My boyfriend is part of said “ever-growing man-child demographic.” Can they ever become men?
What would be the point?
I have my first counseling session tomorrow and I’m nervous. I’m terrified of being judged for my issues and criticized for my choices. I’m sure everything will go smoothly, and this is just my anxiety talking, but today and tomorrow are going to be a struggle. <3
Your counselor isn’t gonna judge or criticize you for your choices. That’s kind of the whole idea. (It’s fine to be nervous at first, but you’re really gonna enjoy the counselor/client relationship.)
I recently just got into my first same sex relationship. Right now, I’m dealing with a lot of my family members who aren’t comfortable with it, because they’re using my facebook profile to determine my sexuality and then ‘rat’ me out to the rest of the family. Is there a way to deal with this without being an asshat?

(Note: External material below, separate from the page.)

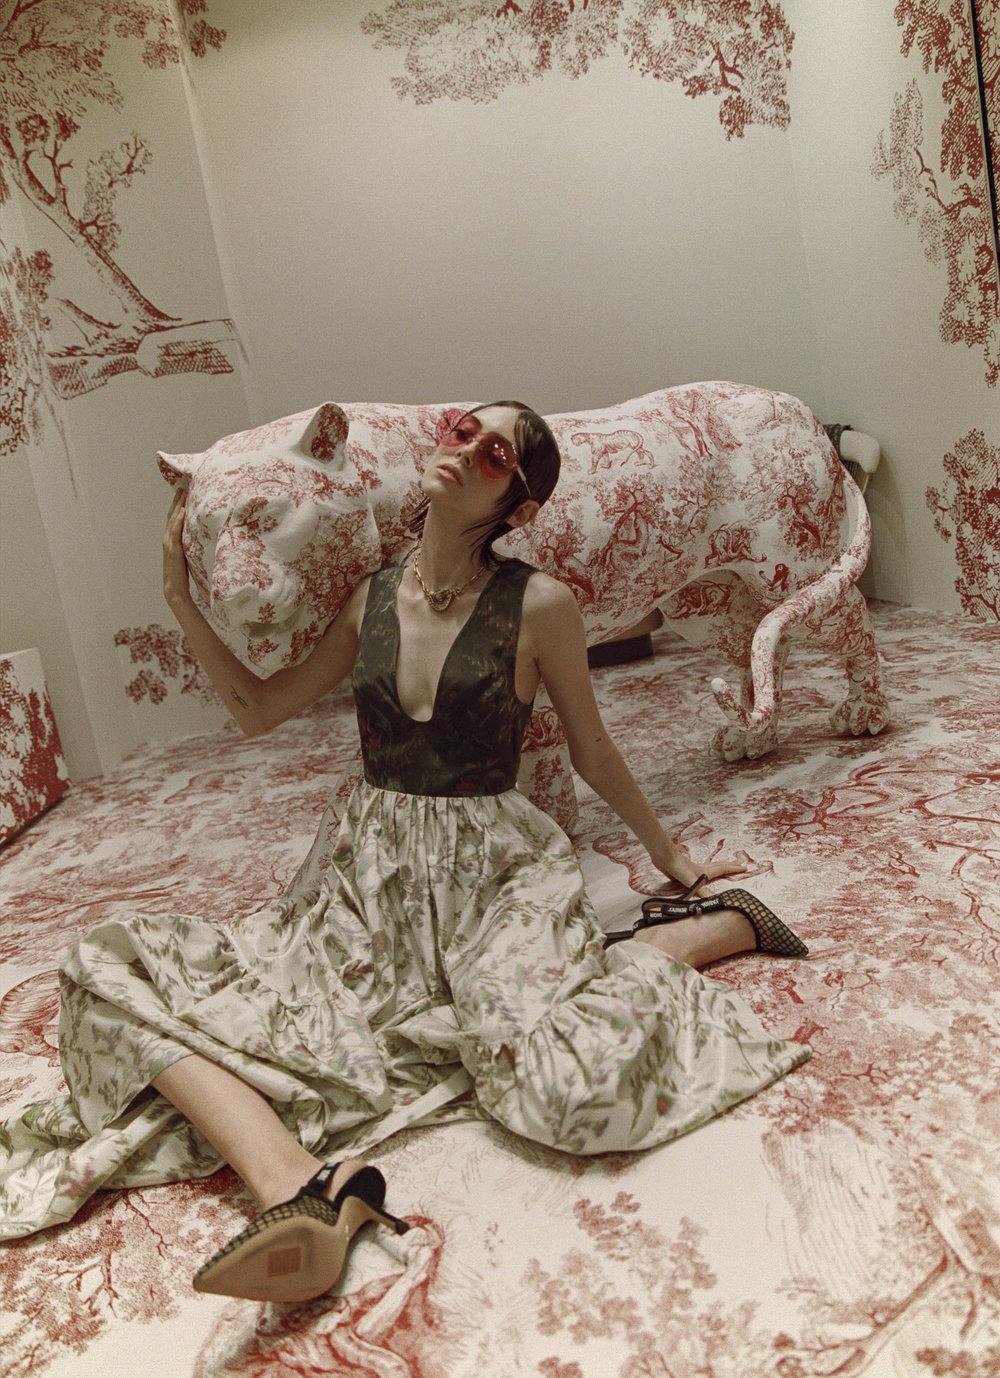 DAPHNENGUYEN-Dior x Matilda final-181214000246130007.jpg

Block the shit out of them.
I broke up with him. I didn’t waiver. I broke my own fucking heart in the process but I didn’t expect this much pain. What now?
Feel the pain and move on.
I’m having a tough time finding a smart dude who’s masculine enough for me. I also sort of feel like a shithead for having masculinity on my radar at all. What’s up? Are these just daddy issues talking?

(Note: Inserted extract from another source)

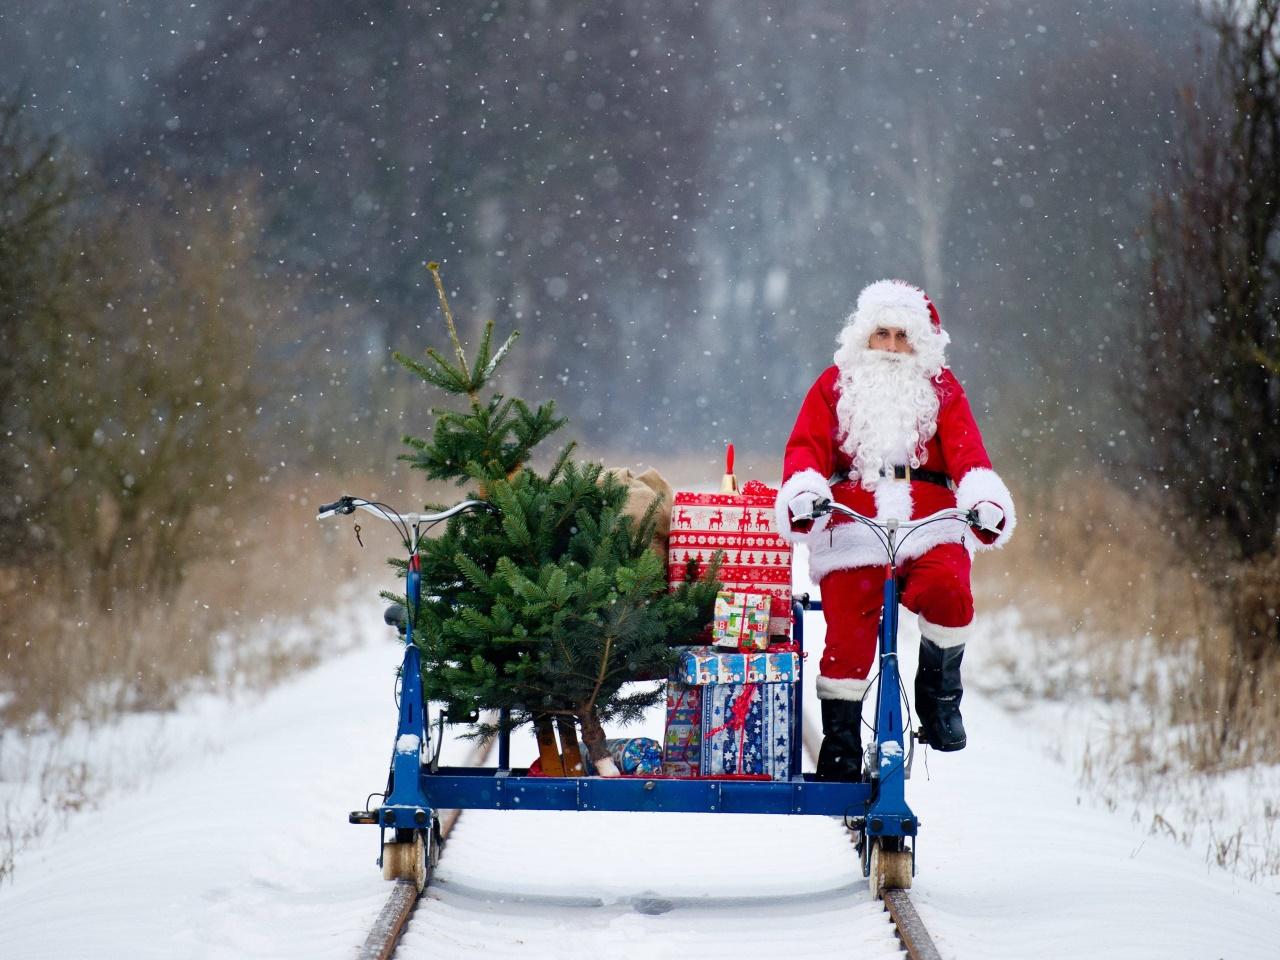 Soll der Weihnachtsbaum echt sein?

I dunno what your dad was like, and I dunno how you define masculinity, but if you’re finding it to be mutually exclusive with intelligence, then there’s definitely an issue somewhere.
I think I’m in love. Why am I crying?
Sorry to break it to you, but crying is a big part of being in love.
why does it bother me so much that my boyfriend thinks Mike Tyson is innocent?
Because if you were raped, all it would take for your boyfriend not to believe you is for your rapist to be someone famous.